8 Mas o Senhor disse a Davi, meu pai: Porquanto tiveste no teu coração o propósito de edificar uma casa ao meu nome, fizeste bem em ter isto no teu coração.
9 Contudo tu não edificarás a casa, mas teu filho, que há de proceder de teus lombos, esse edificará a casa ao meu nome.
10 Assim cumpriu o Senhor a palavra que falou; pois eu me levantei em lugar de Davi, meu pai, e me assentei sobre o trono de Israel, como prometeu o Senhor, e edifiquei a casa ao nome do Senhor, Deus de Israel.
11 E pus nela a arca, em que está o pacto que o Senhor fez com os filhos de Israel.

A oração de Salomão

12 Depois Salomão se colocou diante do altar do Senhor, na presença de toda a congregação de Israel, e estendeu as mãos
13 (pois Salomão tinha feito uma plataforma de bronze, de cinco côvados de comprimento, cinco de largura e três de altura, a qual tinha posto no meio do átrio; sobre ela se pôs de pé, e pondo-se de joelhos perante toda a congregação de Israel, estendeu as mãos para o céu),
14 e disse: Ó Senhor, Deus de Israel, não há, nem no céu nem na terra, Deus semelhante a ti, que guardas o pacto e a beneficência para com os teus servos que andam perante ti de todo o seu coração;
15 que cumpriste ao teu servo Davi, meu pai, o que lhe falaste; sim, pela tua boca o disseste, e pela tua mão o cumpriste, como se vê neste dia.

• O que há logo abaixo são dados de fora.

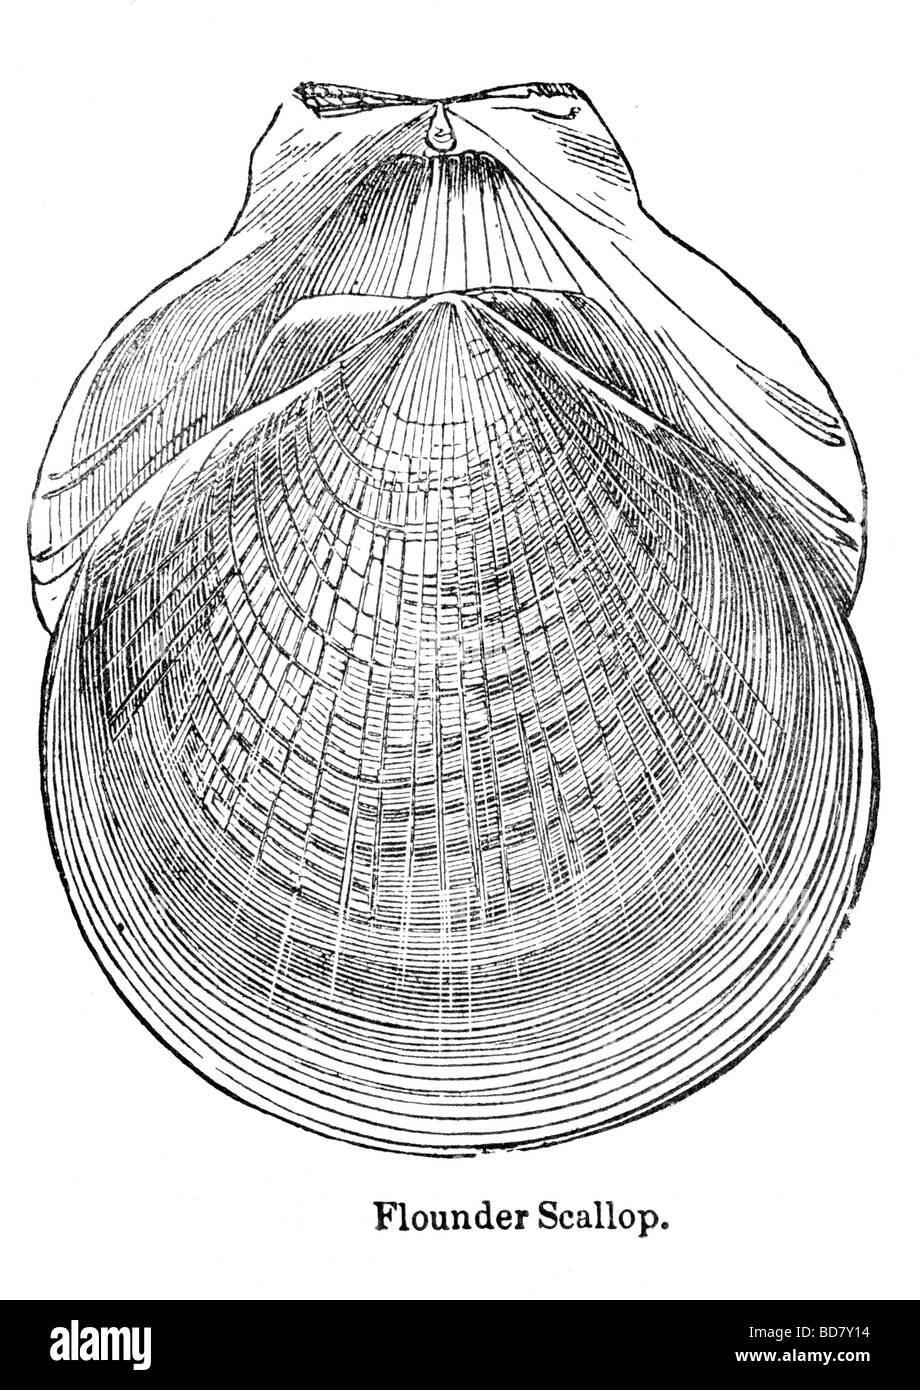 Black White Drawing Flounder Imágenes De Stock & Black White Drawing ...

16 Agora, pois, Senhor, Deus de Israel, cumpre ao teu servo Davi, meu pai, o que lhe promete-te, dizendo: Nunca te faltará varão diante de mim, que se assente sobre o trono de Israel; tão somente que teus filhos guardem o seu caminho para andarem na minha lei, como tu andaste diante de mim.
17 Agora pois, Senhor, Deus de Israel, confirme-se a tua palavra, que falaste ao teu servo Davi.
18 Mas, na verdade, habitará Deus com os homens na terra? Eis que o céu e o céu dos céus não te podem conter; quanto menos esta casa que tenho edificado!
19 Contudo, atende à oração e à súplica do teu servo, ó Senhor meu Deus, para ouvires o clamor e a oração que o teu servo faz diante de ti;
20 que dia e noite estejam os teus olhos abertos para esta casa, sim, para o lugar de que disseste que ali porias o teu nome; para ouvires a oração que o teu servo fizer neste lugar.
21 Ouve as súplicas do teu servo, e do teu povo Israel, que fizerem neste lugar; sim, ouve do lugar da tua habitação, do céu; e, ouvindo, perdoa.
22 Se alguém pecar contra o seu próximo, e lhe for exigido que jure, e ele vier jurar perante o teu altar, nesta casa,
23 ouve então do céu, age, e julga os teus servos: paga ao culpado, fazendo recair sobre a sua cabeça o seu proceder, e justifica ao reto, retribuindo-lhe segundo a sua retidão.
24 Se o teu povo Israel for derrotado diante do inimigo, por ter pecado contra ti; e eles se converterem, e confessarem o teu nome, e orarem e fizerem súplicas diante de ti nesta casa,
25 ouve então do céu, e perdoa os pecados do teu povo Israel, e torna a levá-los para a terra que lhes deste a eles e a seus pais.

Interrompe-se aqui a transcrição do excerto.